Nowadays, even when you have a catalog implemented that scans your data, the number of search results on the word ‘customer’ is too high and far from relevant. Scrolling through the first page of results makes you wonder what would suffice your data needs. Is the data properly described, do you know who to go to for questions and are you even allowed to use privacy sensitive data for your use case?
Documenting and maintaining these basic attributes of your data is already challenging and time consuming in itself. And at what granularity do you need to do this? If you listen to legal and compliance; every single attribute of every table of every system must be properly protected. This seems like an impossible task. And it is!
How can you practically approach this?
Start organising your data into datasets!
Classifying and defining all your data attributes is a cumbersome and time consuming task. At some point you should do it for at least the data you share. But waiting for all this to be done is not an option. Business must go on. So how can we overcome the big pile of work in the mean time? The answer is to start organising your data into datasets.
What do we mean by dataset?
There are varying opinions of what a dataset may be. At D8A Directors we consider a dataset as a collection of physical data objects that needs to be managed (governed) together. This can consist of a single or a selection of tables that make up the customer master data or the collection of tables that hold your inbound shipments. It may also be used for unstructured data like video’s or images that were collected during a particular event.
Then governance is applied at all the data together in these datasets. When you combine data into datasets that needs to be physically managed together; you don’t need to manage every individual attribute. The question then is what are these governance requirements that you should think about to combine data?

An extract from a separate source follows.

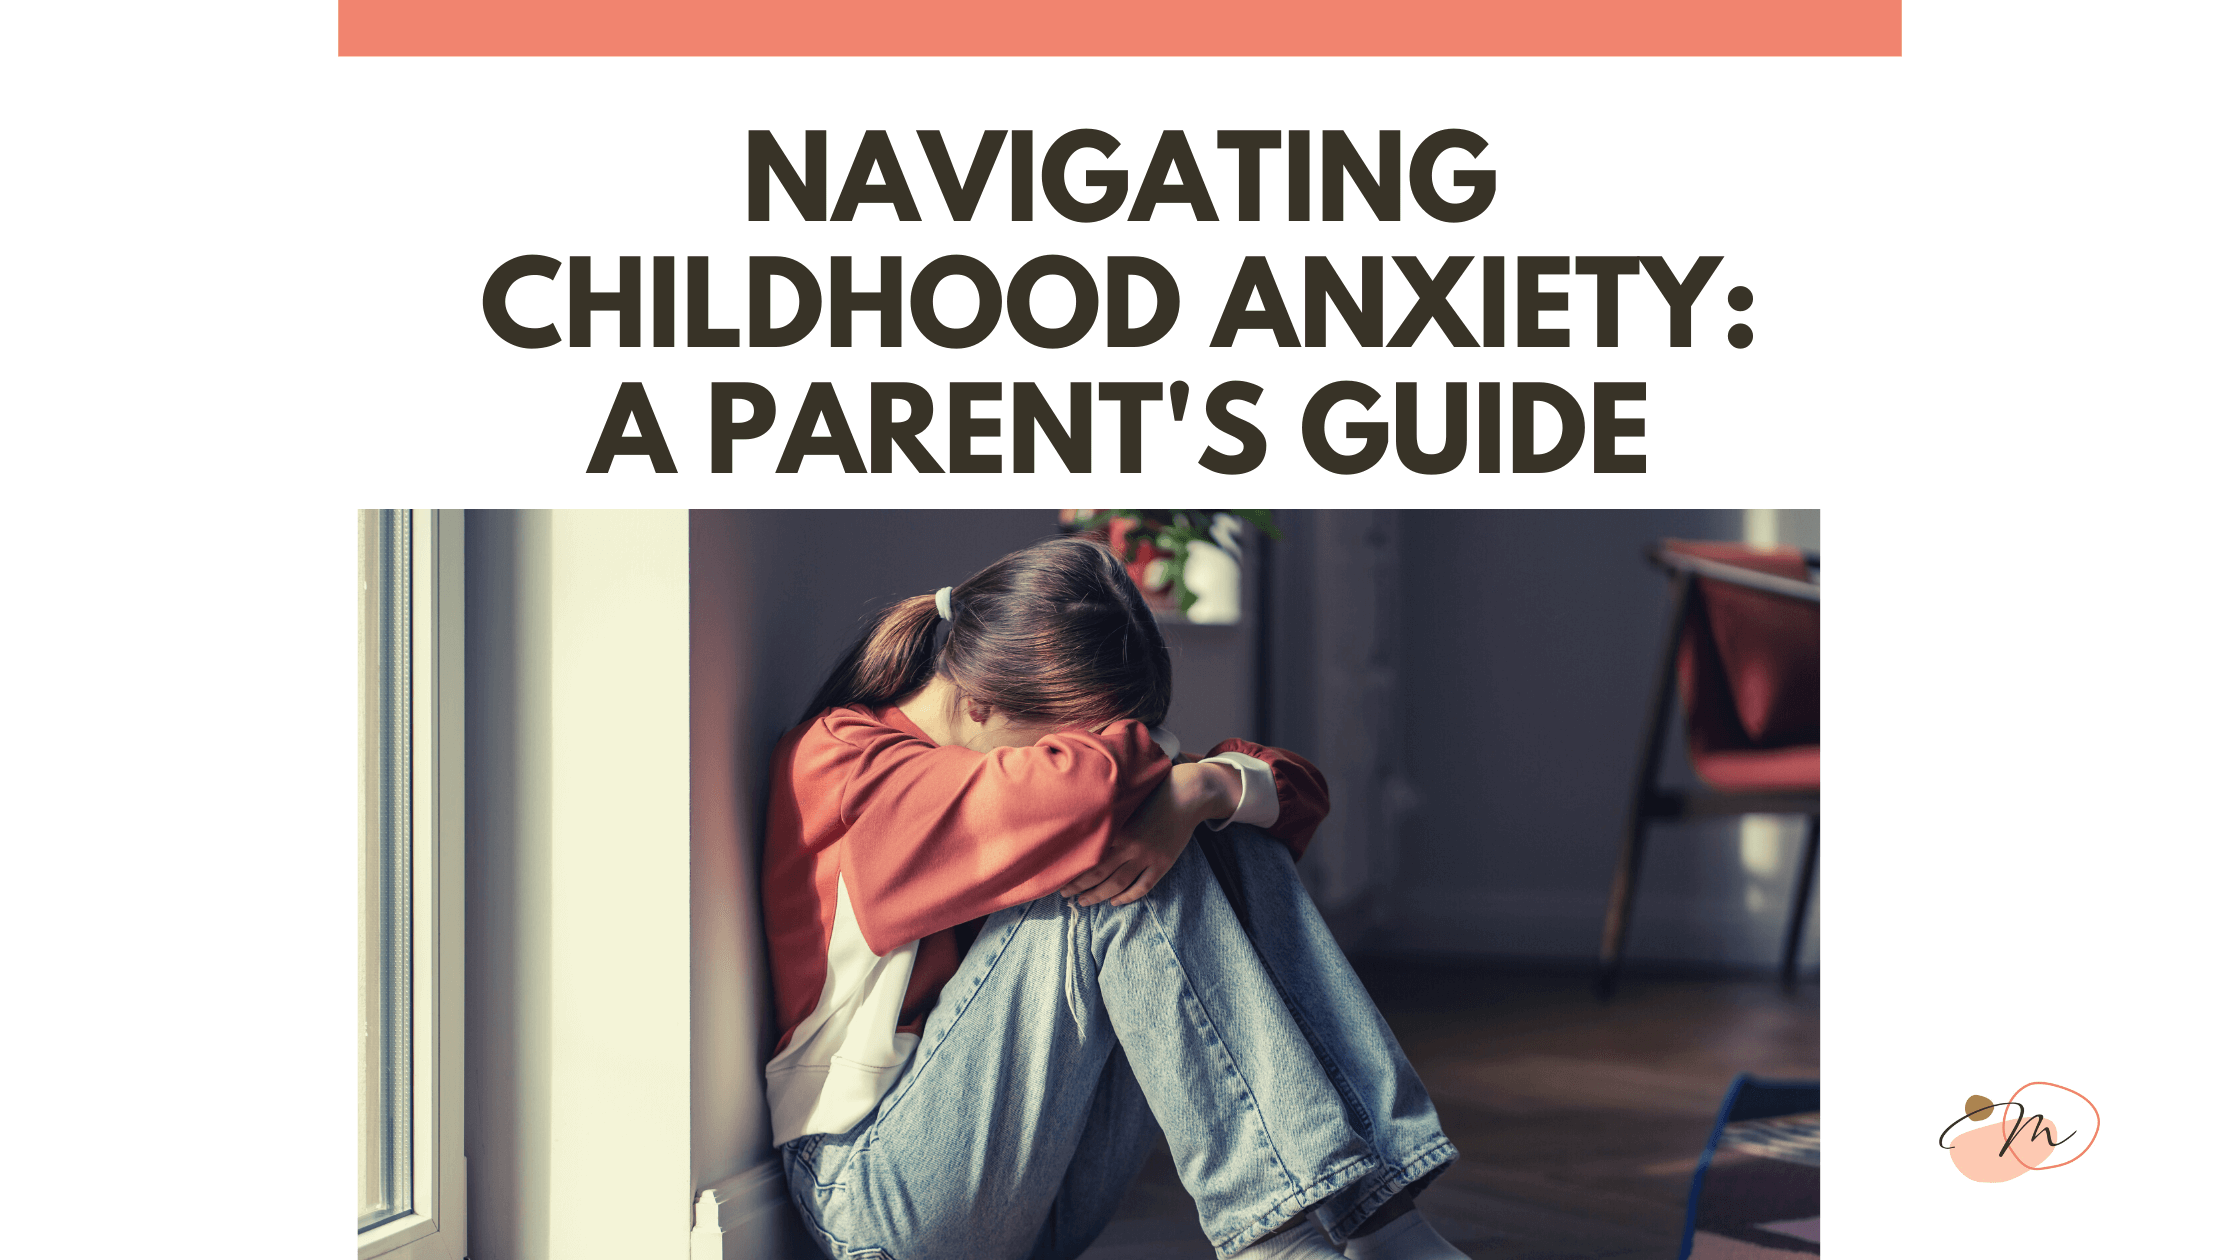 Navigating Childhood Anxiety: A Parent’s Guide

Dimensions to seperate data into datasets
To be honest, the dimensions to take into account need to be determined in your organisation by the Data Governance department in their policies. The legal grounds that allow you to process data vary per organisation, so there’s no one single set of dimensions. However, to get you started, here’s an example of good practice dimensions:
- Source system
- Data product
- Geographical Region due to regional legislation
- Responsible data owner (single ownership for accountability)
- Purpose limitations
- Retention term
- Business & privacy sensitivity classification
The goal of a dataset is to be able to group physical data for purposes of:
- Logically organizing data
- Data Ownership and Data Governance
- Request and approval against purpose limitations
- Granting and Managing Security / Data Access Rights
- Managing Data Retention and Disposal
- Classifying Data for Privacy
- Classifying Data for Geographical Regions
- To make Reuse of data easier
- Archiving Data to cheaper Storage tiers
Let’s make it practical
Decomposing datasets distinguishes conceptual data models, data objects and the attributes (from a logical model). These should then be linked up to the actual physical data.
An example is shown below on how data privacy classification of attributes affect datasets. Classsifying all attributes is a lot of work while you can manage your data already to a sufficient extent when this is classified at dataset level:
The dataset is an abstraction at a logical level that makes it easier to govern a collection of physical data. With the right information at dataset level like business owner, purpose limitation, business sensitivity, privacy sensitivity, retention term etc, you can start managing access to this data.
Note that the dataset is a logical grouping of data. This does not necessarily mean you must physically seperate different datasets to comply with governance requirements. An example when you must physically seperate the data is in case of a regional requirement to store data within country borders.
Data products & datasets
Taking it one step further: how do datasets relate to data products?
As per the HR example, you can consider this to be a single data product. A data product can expose access to different datasets that the data product holds.
To optimize the storage, you could expose dataset as (virtual) views on the actual data.